Figure 3 depicts the track of TY Soulik (2013) and the reflectivity composites from land-based radars in Taiwan at selected times every 5–6 h during its passage over 12–13 July 2013 (left column), as well as compares them to the model prediction (of track and rainfall structure) made at the initial time (t₀) of 12:00 p.m. UTC 10 July 2013. On the left panels of Figure 3, one can see that TY Soulik (2013) approached northern Taiwan from the southeast at a speed of close to 30 km·h⁻¹, and its center made landfall across the northernmost part of Taiwan. Despite being more limited in the field of view at longer distances farther away, the radar composites nonetheless indicate that the rainfall associated with Soulik was somewhat asymmetric and more to the south than the north of its center during approach (Figure 3a), and became more concentrated over the windward slopes of Taiwan (see Figure 1) during and shortly after landfall (Figure 3c,e). As Soulik moved away and the overall rainfall gradually weakened, rainbands that aligned in a northeast–southwest direction were present across Taiwan (Figure 3g). The forecast initialized at 12:00 p.m. UTC 10 July (right column, Figure 3), while not always at the same time of the radar observations shown, suggests that the CReSS model captured the evolution of TY Soulik quite well, even in a range of 48–67 h on day 3. One can see that the track was well produced (with a timing difference within 2 h), and the rainfall structure of the TC and around Taiwan also compared quite favorably with the radar observations, including the heavy rainfall over the windward slopes around landfall (Figure 3d,f) and the rainbands at the wake of the storm (Figure 3h).

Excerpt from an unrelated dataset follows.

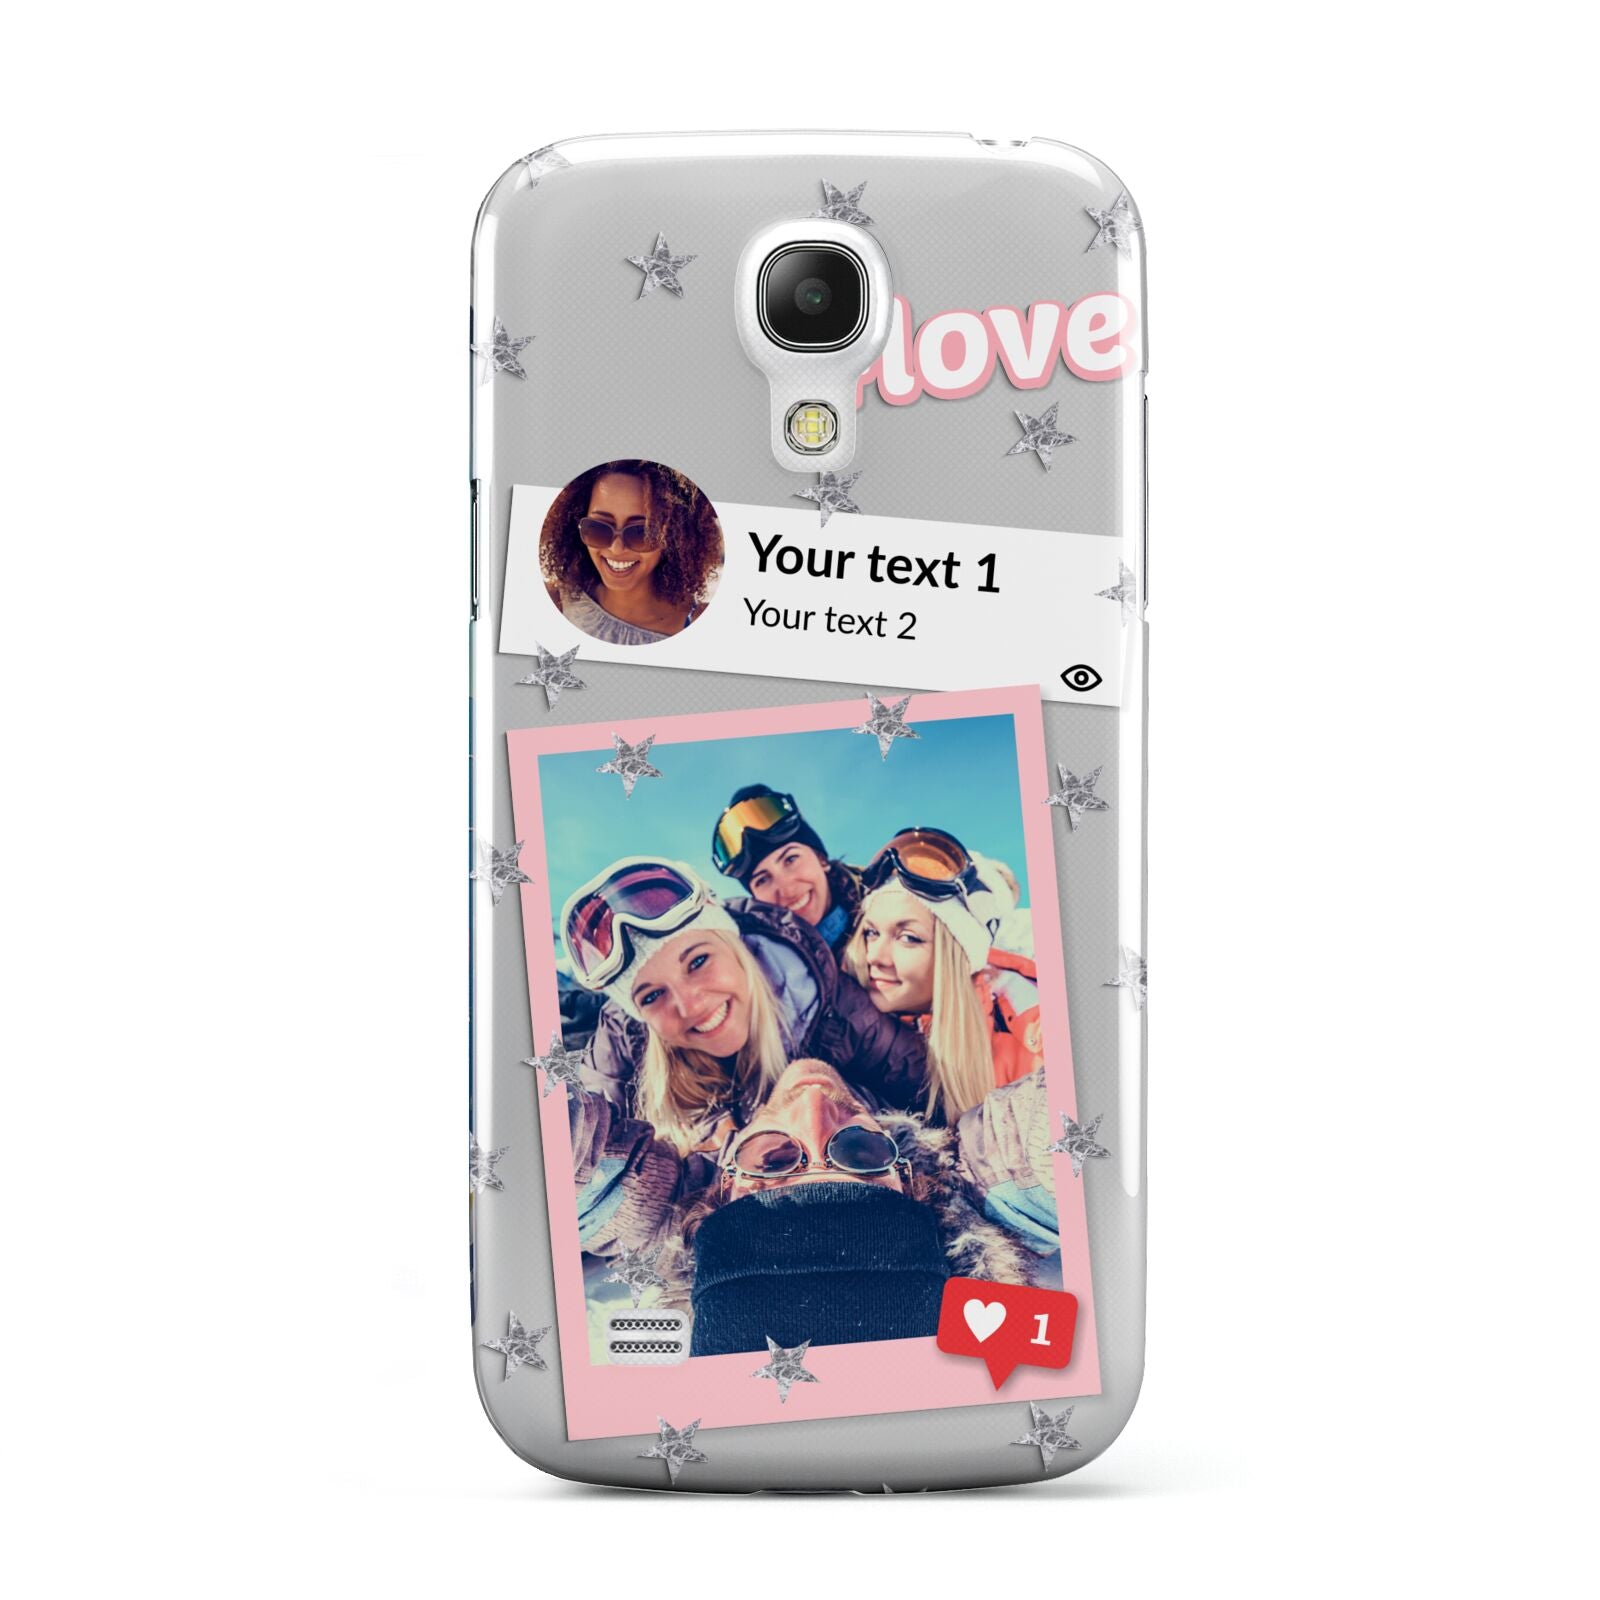 Starry Social Media Photo Montage Upload with Text Samsung Galaxy S4 Mini Case

The 24 h total rainfall distributions over Taiwan from rain-gauge observations for five segments from 12:00 p.m. UTC 10 to 12:00 p.m. UTC 15 July 2013 are shown in Figure 4a–e, and they indicate that the rainfall from TY Soulik was most concentrated from 12:00 p.m. UTC 12 to 12:00 p.m. UTC 13 July, with a peak amount of 875.5 mm (Figure 4c) over the Snow Mountain Range (SMR, cf. Figure 1). While this 24 h segment belonged to group T10 (and group A), other adjacent segments, being much less rainy, could only be classified as group C or D at most. In the second row, Figure 4f–h depict the rainfall distributions on days 1–3 from the run starting at 12:00 p.m. UTC 10 July, i.e., the one shown in Figure 3 (right column). One can see that, on the third day (48–72 h) of this run, the overall rainfall pattern predicted by the 2.5 km CReSS was very good, with a peak amount of 957.9 mm and only some minor disagreements with the observation. The results from the two runs 24 and 48 h later (with t₀ at 12:00 p.m. UTC 11 and 12:00 p.m. UTC 12 July, respectively) are shown in the third and fourth rows of Figure 4; therefore, the rainiest target periods were on day 2 and day 1, respectively. Again, the model performed quite well in its rainfall prediction for this period, with peak amounts just over 1000 mm (Figure 4j,l). For other days where it was less rainy, the agreement between forecasts and observations could not be judged as well by visual inspection. However, the QPFs for these less rainy segments carry less significance, as the most important ones should be those made for the rainiest period (i.e., 12:00 p.m. UTC 12 to 12:00 p.m. UTC 13 July) in the event of TY Soulik (2013).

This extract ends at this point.